#### [Exercise description]
In the material below, the lines between the one holding "Avionetas - 1920x1280" and the one holding "Space battle 1 1680x1050jpg 1680x1050", inclusive, are to be set down word for word. Pictures stay out.

#### [Supplied records]

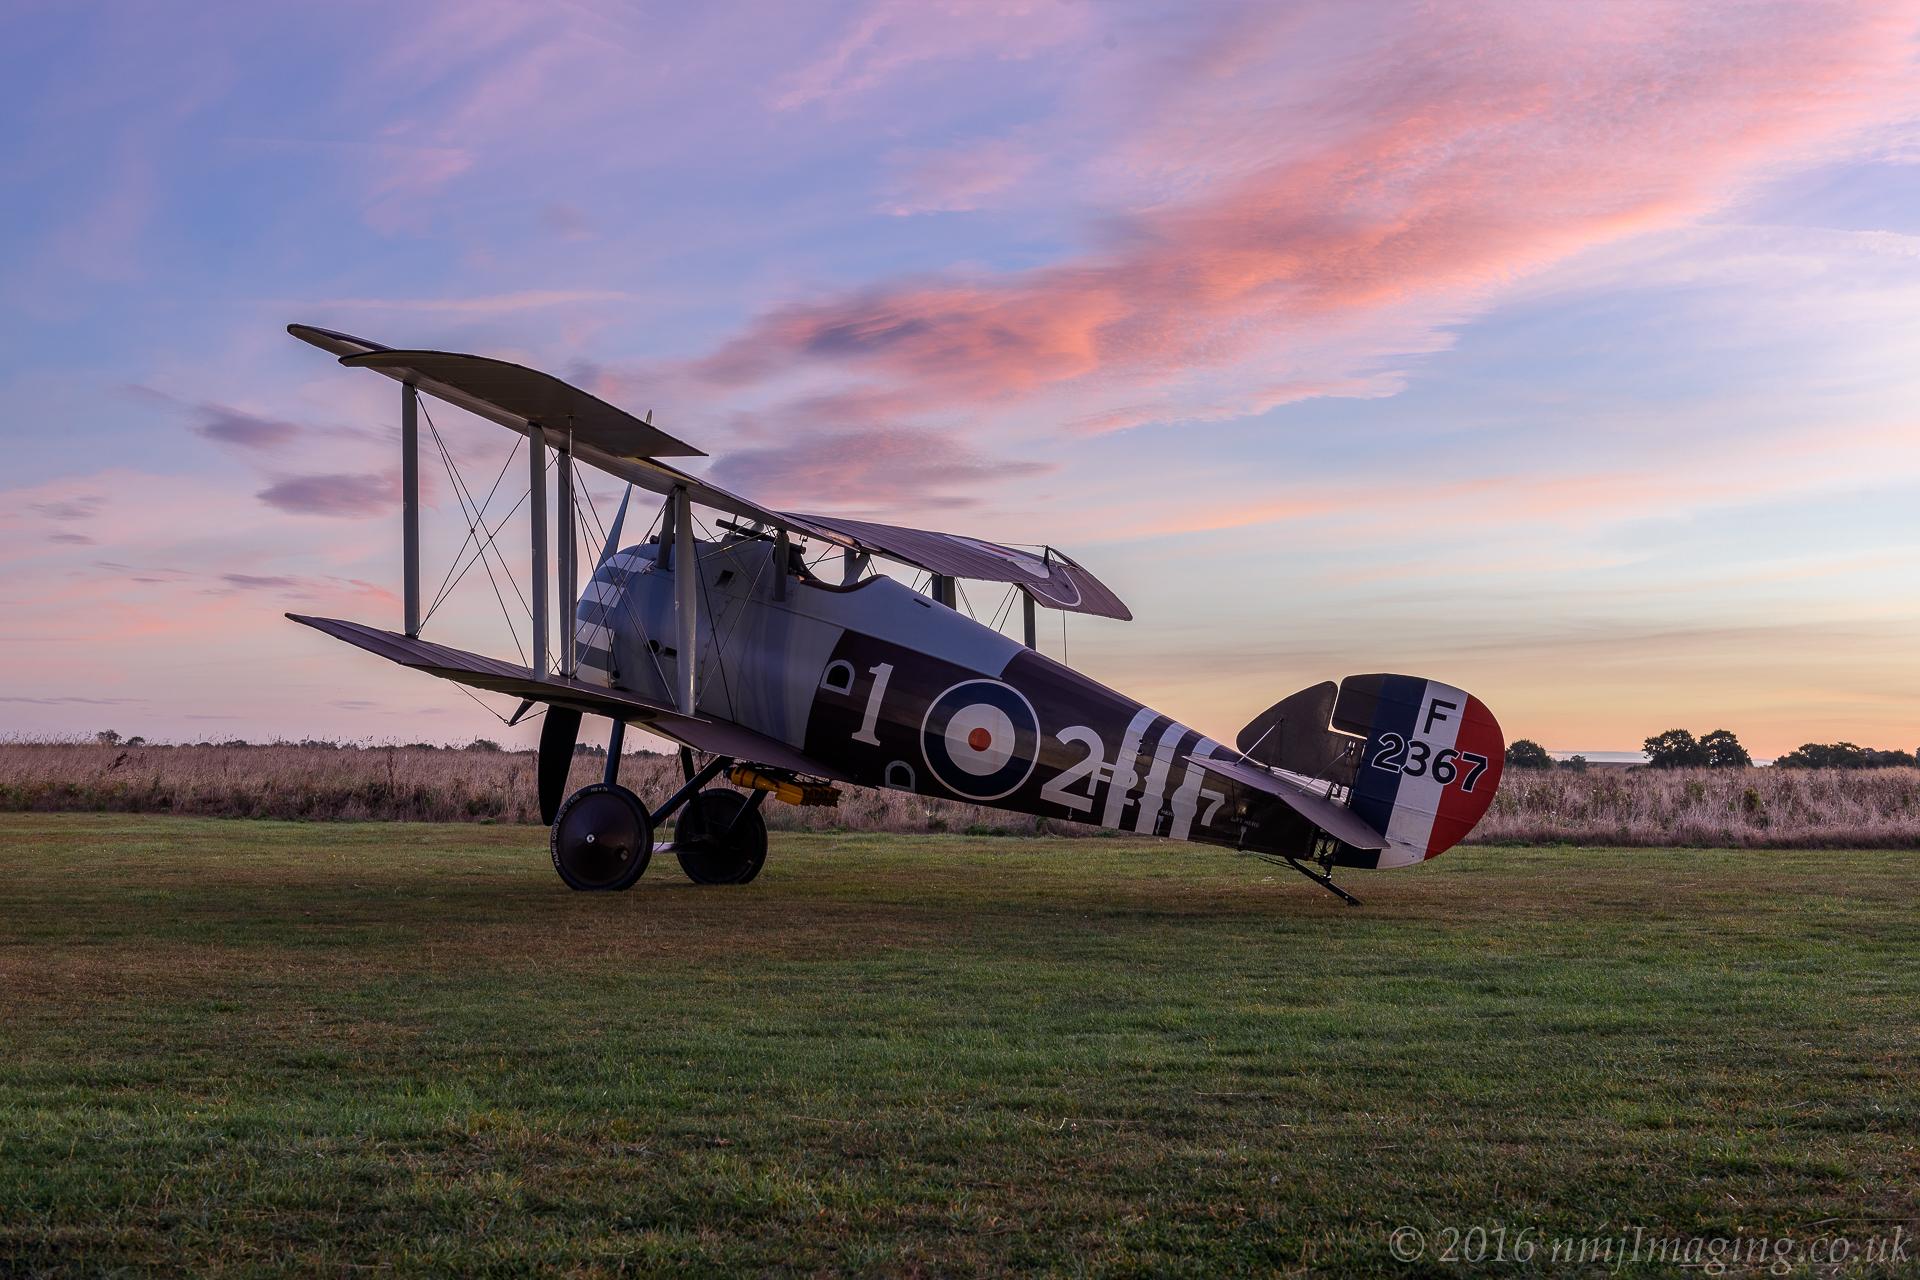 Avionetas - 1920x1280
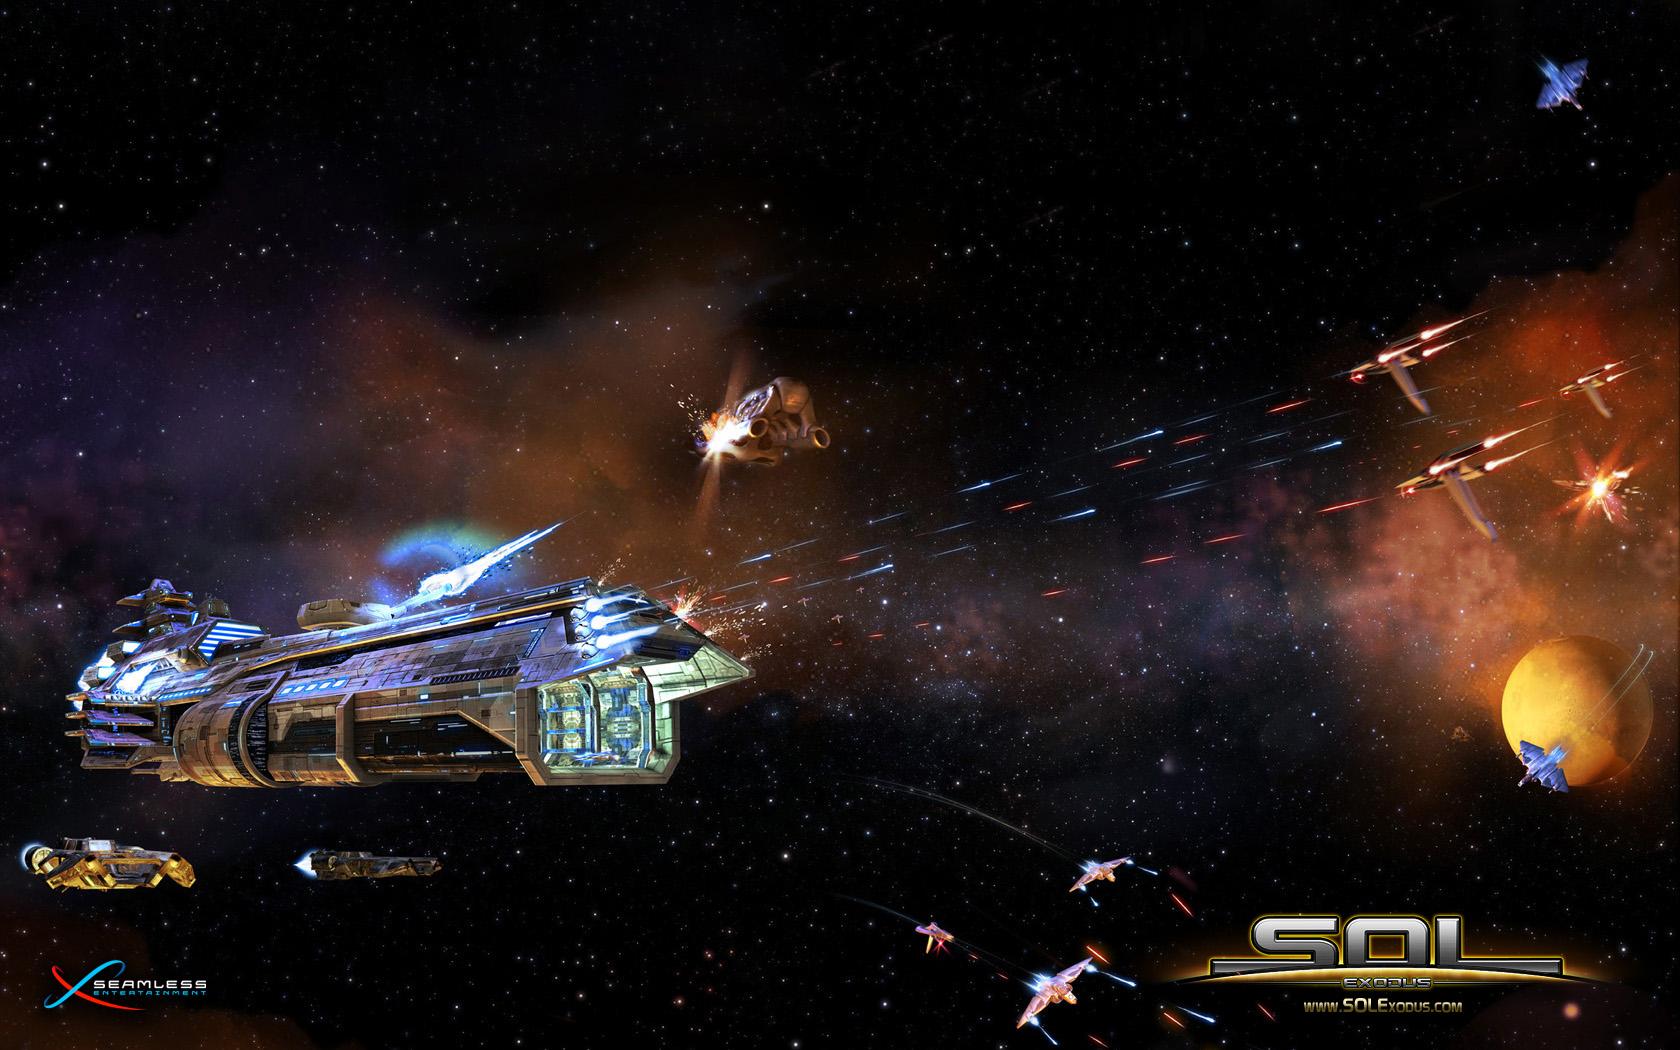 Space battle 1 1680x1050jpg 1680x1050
---
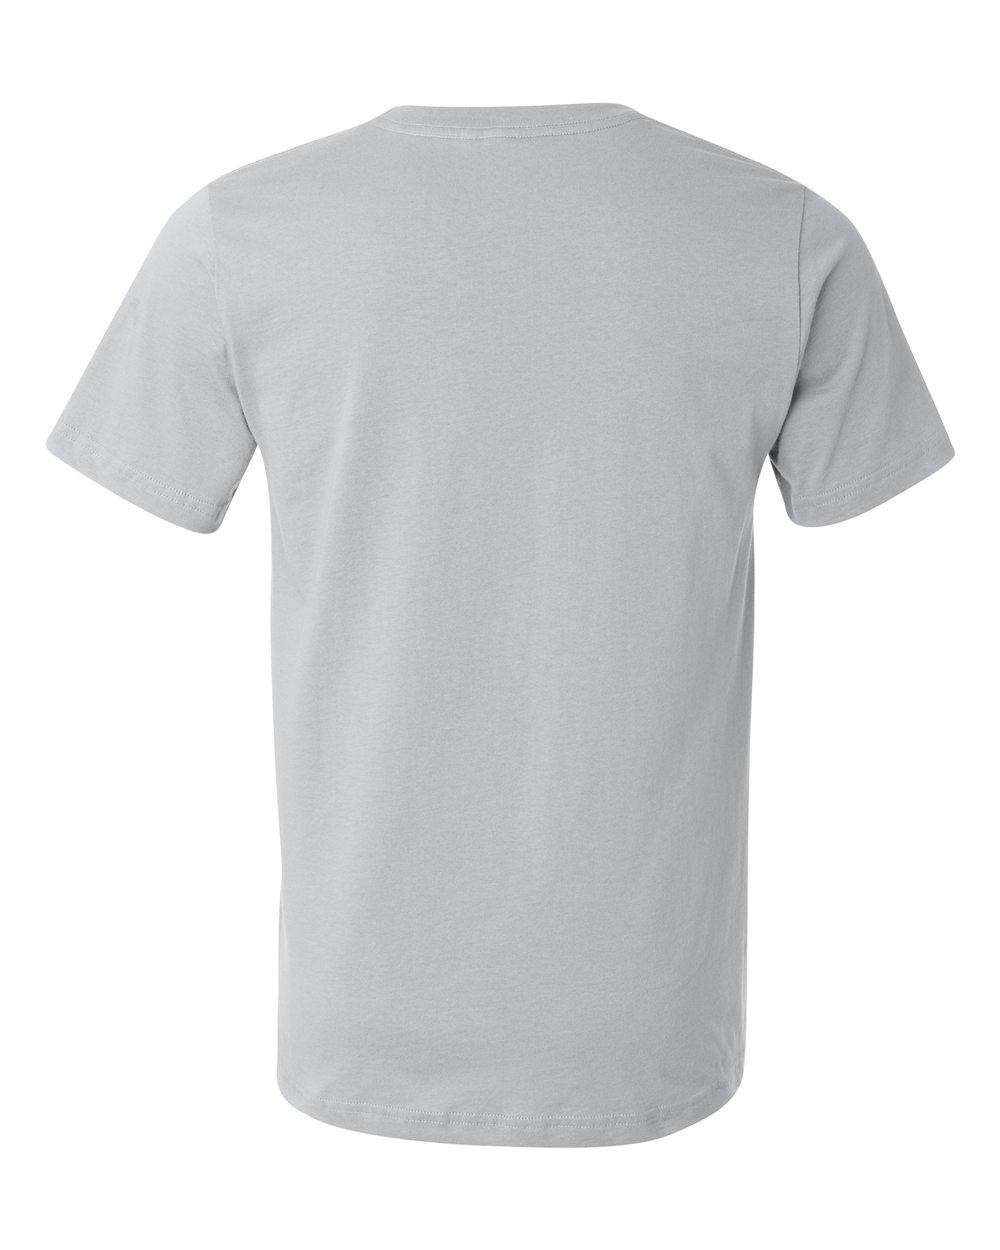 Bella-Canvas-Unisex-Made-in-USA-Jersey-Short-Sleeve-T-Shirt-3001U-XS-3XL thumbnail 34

#### [Answer box]
 Avionetas - 1920x1280
 Space battle 1 1680x1050jpg 1680x1050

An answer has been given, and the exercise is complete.